How 5 Major Personality Traits Can Determine How Much Money You Save

Fortune Well August 2, 2023


How 5 Major Personality Traits Can Determine How Much Money You Save
Key takeaways
  • Savings rates for Americans have neared record lows 
  • When people’s savings goals aligned with their core personality traits, they saved more money, according to a new study published this week 
  • For those incentivized with personality-targeted savings emails, they were able to save more successfully 

Whether it’s setting aside money for a down payment on a home, a bigger car for when you have children, or college funds and retirement, many of us aim to master the art of saving for the future. 


Still, many Americans struggle to save money. Inflation led Americans to take out an average of $100 a month from savings last year, and savings have neared record lows even for those whose income has increased, according to data from the Bureau of Economic Analysis (BEA) this winter. 

To better understand people’s financial behaviors and motivations, researchers from Columbia University in New York and the University of Colorado in Boulder found different savings goals resonated with varying personality types, which influenced their behavior. 


“We just instill this idea that if you save some money now it’s not just a black box that’s sitting somewhere in your savings account,” Dr. Sandra Matz, author of the study and an associate professor of business at Columbia Business School who studies human behavior, tells Fortune. “But here’s actually what you could potentially do with these savings in the future…it’s about personality psychological targeting.” 

Nearly 2,500 participants in the U.K. answered questions related to their savings goals, whether saving for a car, family, or a rainy day. They also answered questions that helped researchers understand where they fit within the five big personality traits: agreeableness, conscientiousness, neuroticism, openness, and extroversion. 

When people’s savings goals aligned with their core personality traits, they saved more money, the researchers report in their findings published in the journal American Psychologist. While financial standing inevitably played a role in savings, personality accounted for slightly less than 5% of someone’s savings ability. In their paper, the authors note that while their research cannot influence someone’s ability to save, targeting personality can play a part in influencing someone’s willingness to save.  

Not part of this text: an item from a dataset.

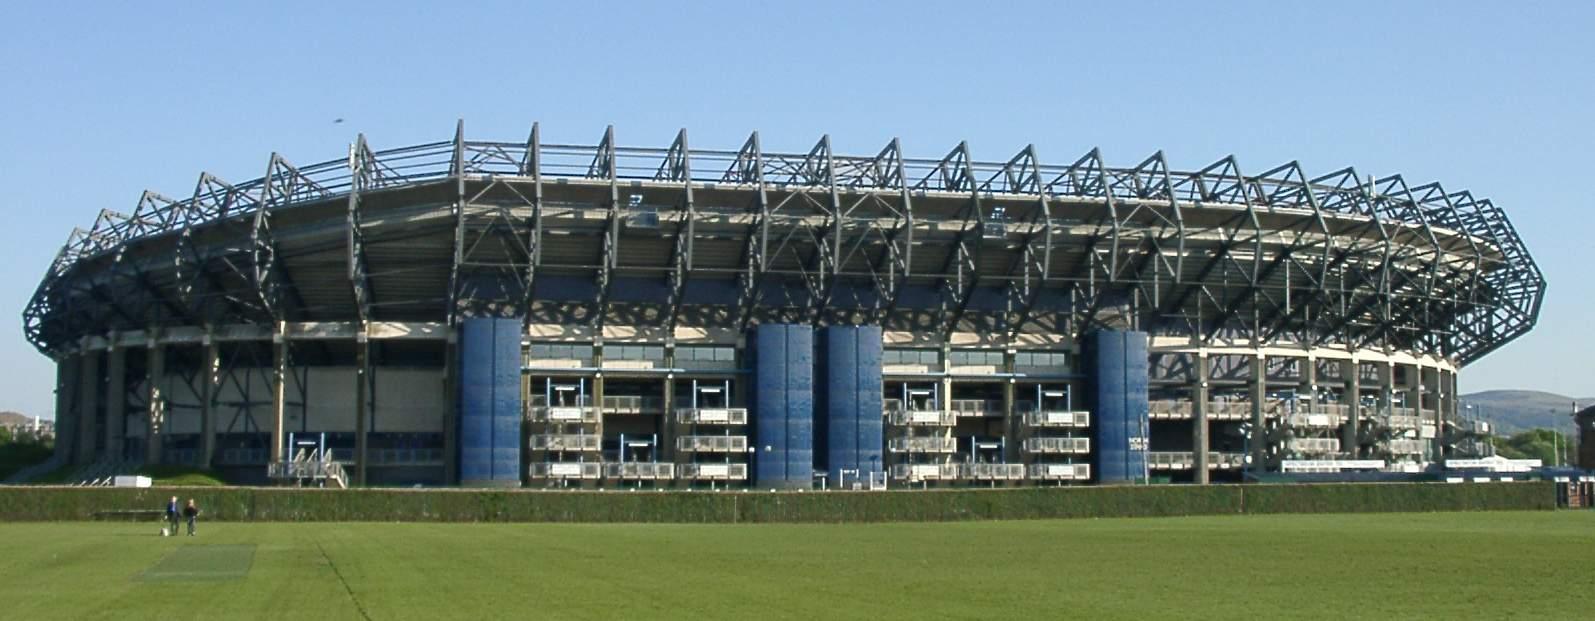 Stade de rugby de Murrayfield en Ecosse
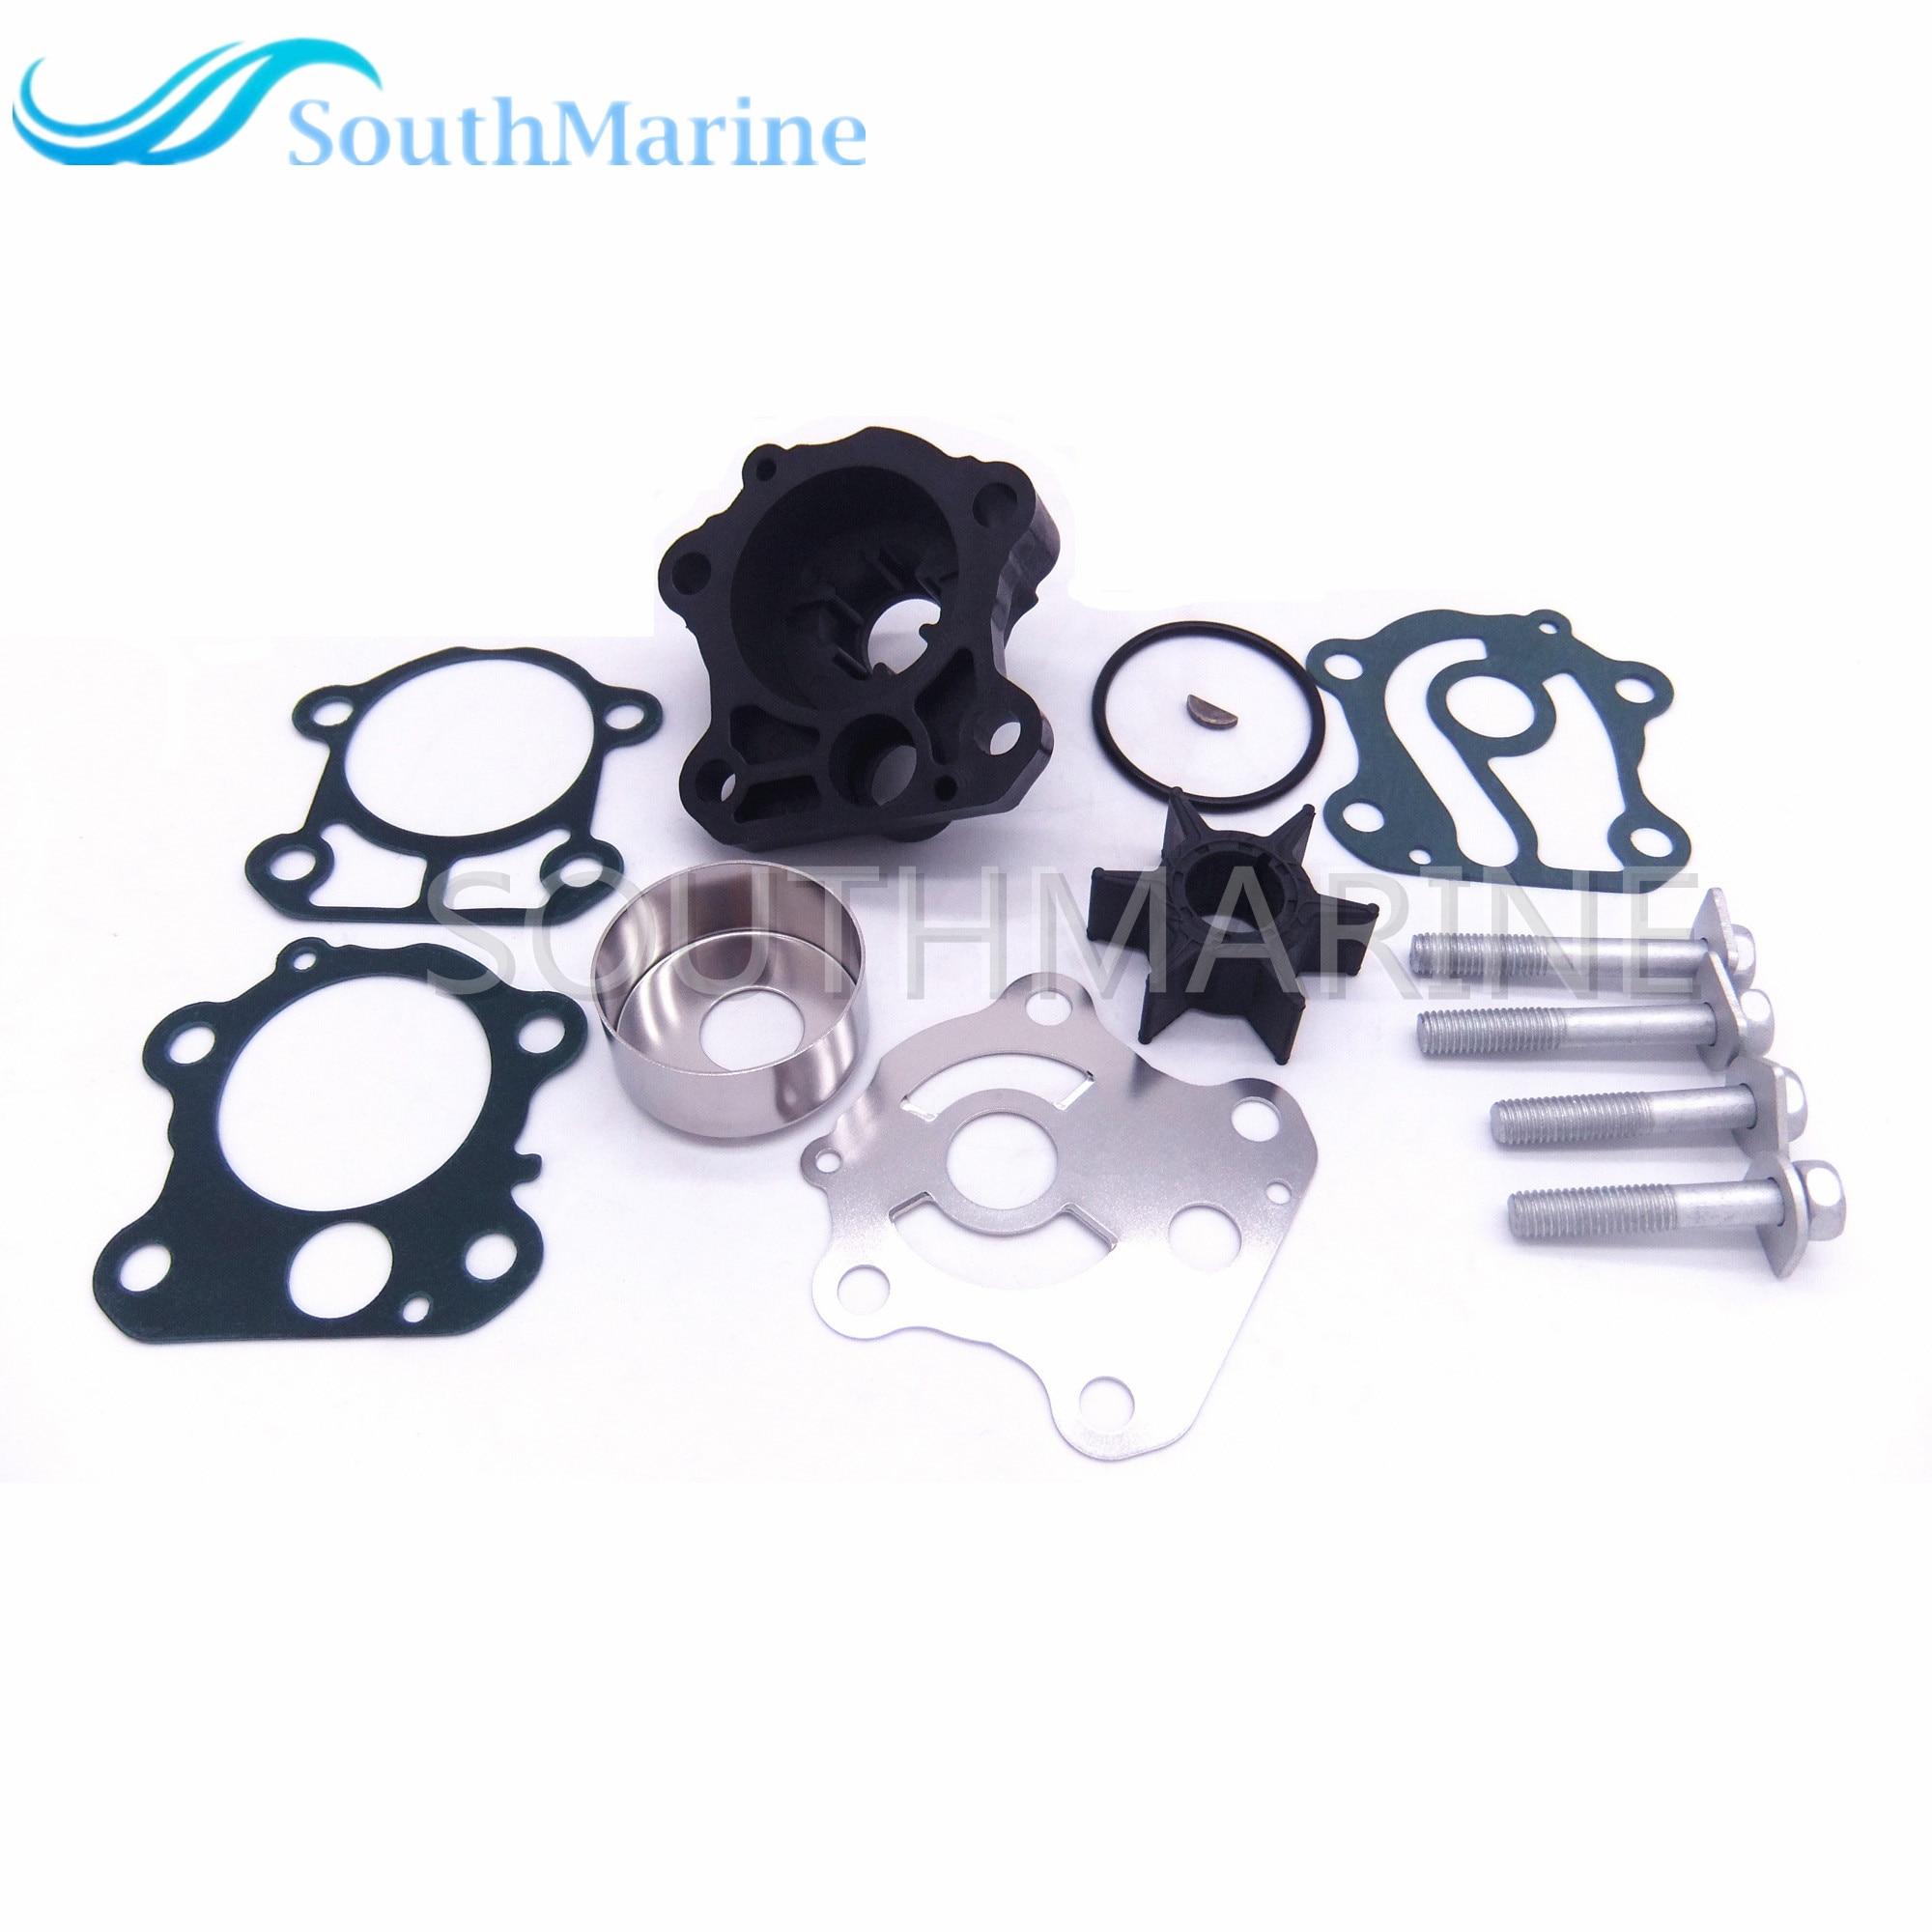 6H3-W0078-00 6H3-W0078 6H3-W0078-02 6H3-W0078-A0 Water Pump Kit For Yamaha Outboard Motors,Free Shipping6H3-W0078-00 6H3-W0078 6H3-W0078-02 6H3-W0078-A0 Water Pump Kit For Yamaha Outboard Motors,Free Shipping

To see how a specific intervention influences people’s savings behaviors, the researchers took a step further. They examined how personalized savings-related emails impacted over 6,000 participants in the U.S. who had less than $100 in savings at the start. 

The researchers partnered with SaverLife, a savings app and nonprofit. While some of the participants got personalized emails and goals, others got generic messages or no messages at all. Those who received personality-based emails for saving money had the most success achieving $100 more in savings in one month.

For someone high in agreeableness, the emails framed savings as a direct influence on those they care about, for example. 

“If they care about other people and their loved ones, what you want to do is frame saving in a way that you can say, ‘Well, if you save some money, now, you make sure that your loved ones are being protected,’” Matz says. 

If someone scored low in extroversion, the subject line and body of the savings email read, “Save toward your own self-care: The Race to $100 begins! We know quality alone time is important to you. The more you save, the more you can design your alone time just the way you want it,” Matz shares with Fortune

For someone high in extroversion, it read, “Exciting times ahead: The Race to $100 begins! Even though you may not be able to meet up with friends right now, you can certainly save money for when the time comes. If funding a future full of great times with your friends excites you, we have some exhilarating news.” 

Saving money is an inherently psychological concept. Committing to it delays instant gratification. It takes motivation and self-discipline because it doesn’t reward the brain in the short term, Matz says. 

“You’re putting money into an account, but it’s not that we necessarily have this idea of ‘Here’s what we’re gonna do with those savings,’” Matz says. “That’s a decision that is really difficult for people to make,” highlighting the “intention-action gap” or inability of people to succeed in saving money despite having the genuine desire to do so. 

Understanding personality can help mend that “intention-action gap,” Matz says.  

“Targeted advertising is using exactly the same mechanisms. We kind of try and understand the person, and then we tailor the content so that people buy more,” Matz says. “A lot of the strategies or approaches to personalization that we currently use, mostly in the best interest of companies to be fair, I think we can also use to help people accomplish their goals…once you understand people’s motivations, that’s an amazing tool.”